Ultimately, 2D contact matrices imply 3D structure. After all, if two regions interact, they are probably in close physical proximity. Increasingly, some researchers are using their 2D data to compute and visualize 3D structures directly.

Csilla Várnai, a postdoc at the Babraham Institute in Cambridge, UK, helped to produce the 3D models for a single-cell Hi-C study earlier this year (T. Nagano et al. Nature 547, 61–67; 2017). She used a generic molecular modelling package called Gromacs to model a chromosome as a string of beads — each representing about 100 kilobases — and then asked it to fold, using the Hi-C contacts as 'constraints' on that process.

Other packages have been designed specifically to model chromatin structure. Chrom3D, developed by bioinformatician Jonas Paulsen at the University of Oslo blends Hi-C data with information on proximity to the nuclear envelope to model the position of chromosomes in the nucleus. “That matters a lot for gene regulation,” Paulsen explains.

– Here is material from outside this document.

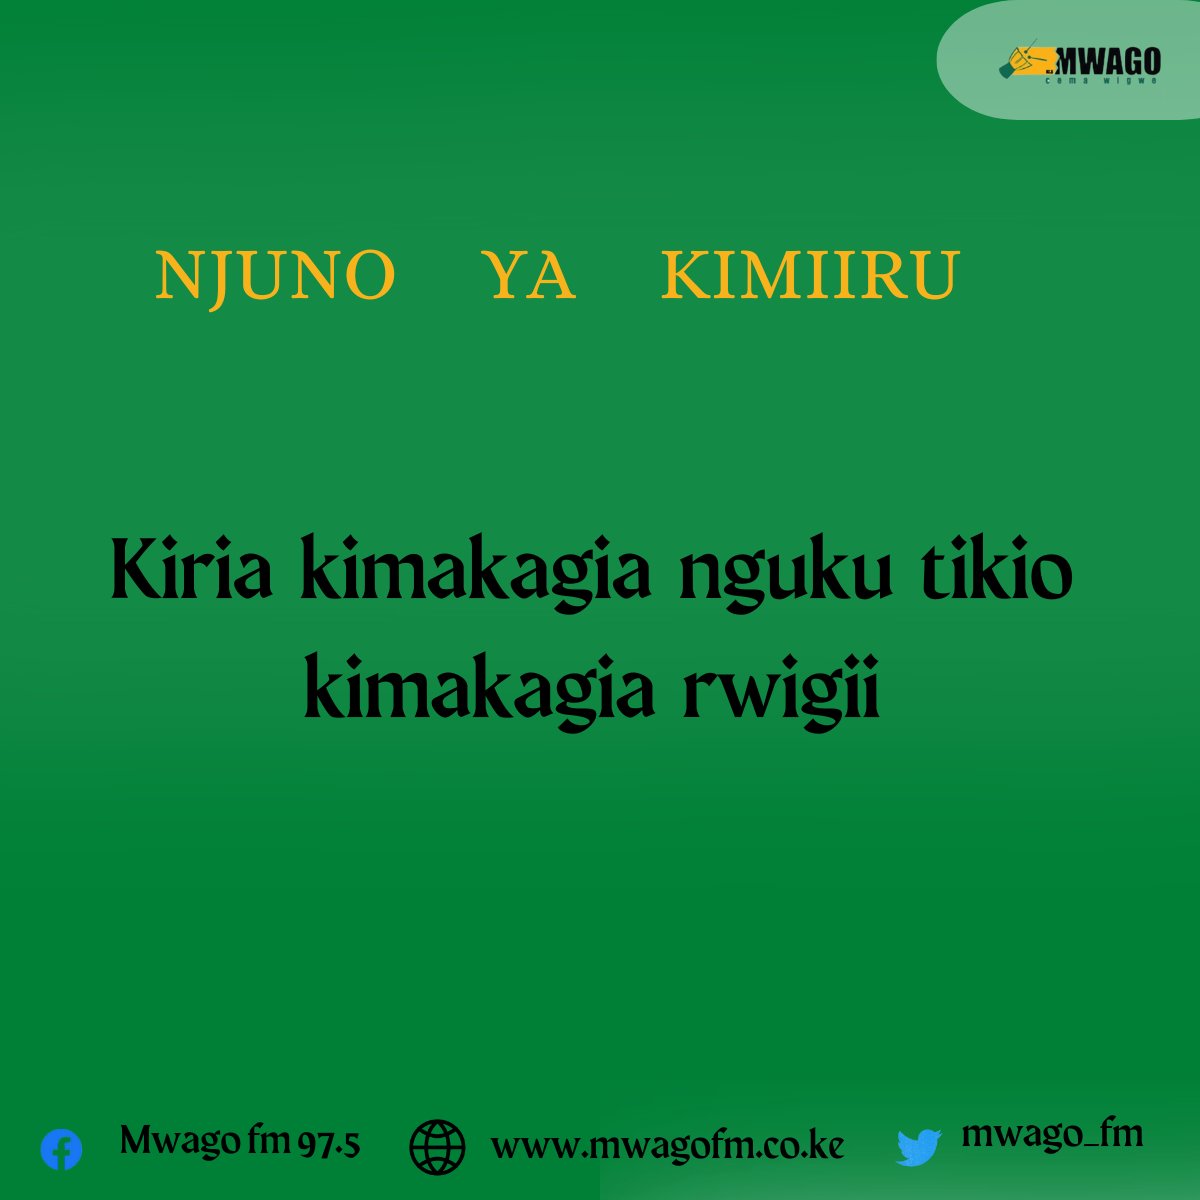 #njunociamwago Kimiiru Kiri Mureo.
#mwagofm #KBCniYetu ^KM

Genes near the nuclear periphery tend to be repressed, whereas more centrally located genes are usually active. Another tool, TADkit, from Marc Martí-Renom and Mike Goodstadt at the National Center for Genomic Analysis–Center for Genomic Regulation in Barcelona, Spain, allows users to view 3D chromosome models alongside the corresponding 2D heat map and 1D tracks. Selecting a feature in one representation highlights overlapping features in the others.

It remains to be seen what insights such 3D representations can provide that 2D heat maps cannot, especially as most Hi-C data sets represent millions of cells, rather than a single structure. Leonid Mirny, a bioinformatician at the Massachusetts Institute of Technology, likens the resulting data to averaging a batch of photographs to determine what a typical person looks like. “It's not going to be actually representative of anyone whom you take pictures of,” he says. Also unclear is which tool, if any, will emerge as the de facto standard for genome visualization. Debate on that front is ongoing, says Zhong.

When it comes to genome biology, says Ren, visualization is key. Analytical tools are based on statistics, he explains; sometimes they miss things, and sometimes they detect features that aren't there. “At the end of the day, nothing replaces looking at the data yourself.”